50. Cincuenta. L. Muchos, se escriba como se escriba. Son los años que han pasado ya y no hablo de Woodstock, aunque estuvo cerca. Hablo de Charlie Manson, de su familia, de sus taraduras. 

Yo fui un experto en Manson, hace años. En el mundo del crimen en general, realmente. Todo empezó al caer en mis manos el primer fascículo de “La huella del crimen”. Los dos primeros, para ser exactos: “Oferta de lanzamiento, números 1 y 2. Charles Manson y Jarabo”. Cada uno era un dossier que describía y analizaba hasta el más mínimo detalle de los criminales, su vida y su “obra”. Empezaba por estos dos, el huevo y la castaña, pero prometía un repaso completo a los asesinos más importantes de la historia, Jack el Destripador incluido, que era el que me interesaba a mí. Como aquello del “Asesinato como una de las Bellas Artes”, pero actualizado y por entregas. Y con unos cuantos kilos más de morbo, supongo, porque aunque no lo he leído, sospecho que el gusto de aquella época por lo tenebroso era más una cuestión de dandismo. A lo que vamos: que eso sí que eran colecciones de septiembre y no “Dedales de época” o “Teteras de ayer y hoy”, con todo mi respeto para los colectivos pro-dedalistas y filo-teterianos, vaya eso por delante. 

En fin, que mi madre y yo nos entregamos con dedicación a hacerla. Yo más que ella, debo decir, porque tenía ese empeño y devoción absoluta de la que solo los críos son capaces. Tan absoluta como efímera, porque convive con esa enorme y perruna facilidad de despistarse con una mosca que te lleva a olvidar lo que estabas haciendo, apasionarte al instante con otra cosa distinta y no llegar a ninguna parte. Magia, ajedrez, capoeira, minerales… Eso sí, durante ese tiempo nadie mejor que yo conocía los nombres de los asesinos y de las víctimas. A todo aquel incauto que me prestaba el oído le hablaba del casi indestructible Voytek Frykowski, el amigo polaco de Polanski y Sharon Tate que había aguantando no-sé-cuántas-mil puñaladas antes de hincar el pico. Heroico como una vajilla de Duralex, el tipo. Y luego estaba la estrecha relación de Manson… ¡con uno de los Beach Boys! Con lo bonito y positivo que sonaban… ¿sería para distraerte y que no vieras acercarse a los malos? ¿Tararearían Good vibrations mientras te robaban un riñón? Le dediqué muchas horas nocturnas a darle vueltas a aquello, casi tantas como a… bueno, dejémoslo en que le dediqué muchas horas.

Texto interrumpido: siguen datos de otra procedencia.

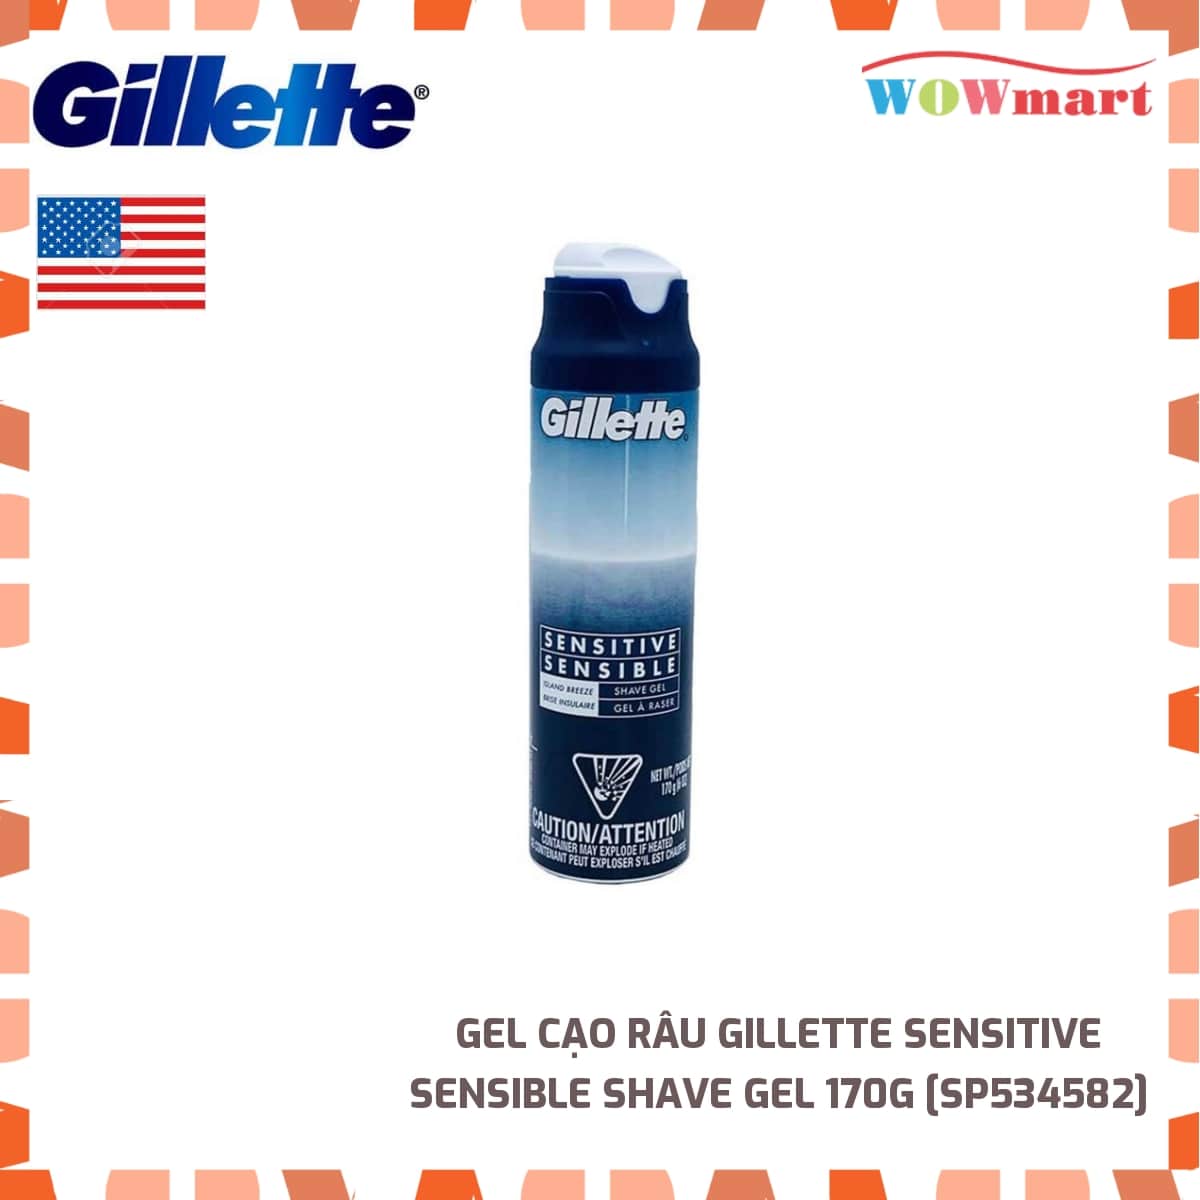 Gel cạo râu Gillette Sensitive Sensible Shave Gel 170g

¿Por qué me he acordado de esto? Pues aparte de por la catarata en los medios de reportajes, artículos y hasta libros que han recordado la figura de Manson y todas las conspiranoias que lo rodean, por la vuelta que se ha producido estos días al debate sobre arte y censura. ¿Cómo nos influye la cultura que consumimos? ¿Hasta qué punto producen un efecto de imitación? No voy a desarrollar ninguna gran teoría al respecto, entre otras cosas porque he visto un tutorial para recortar figuritas en goma eva y me están picando los dedos por empezar a explorar mi potencial en ese terreno. Pero sí se me ocurren un par de cosas que decir al respecto. 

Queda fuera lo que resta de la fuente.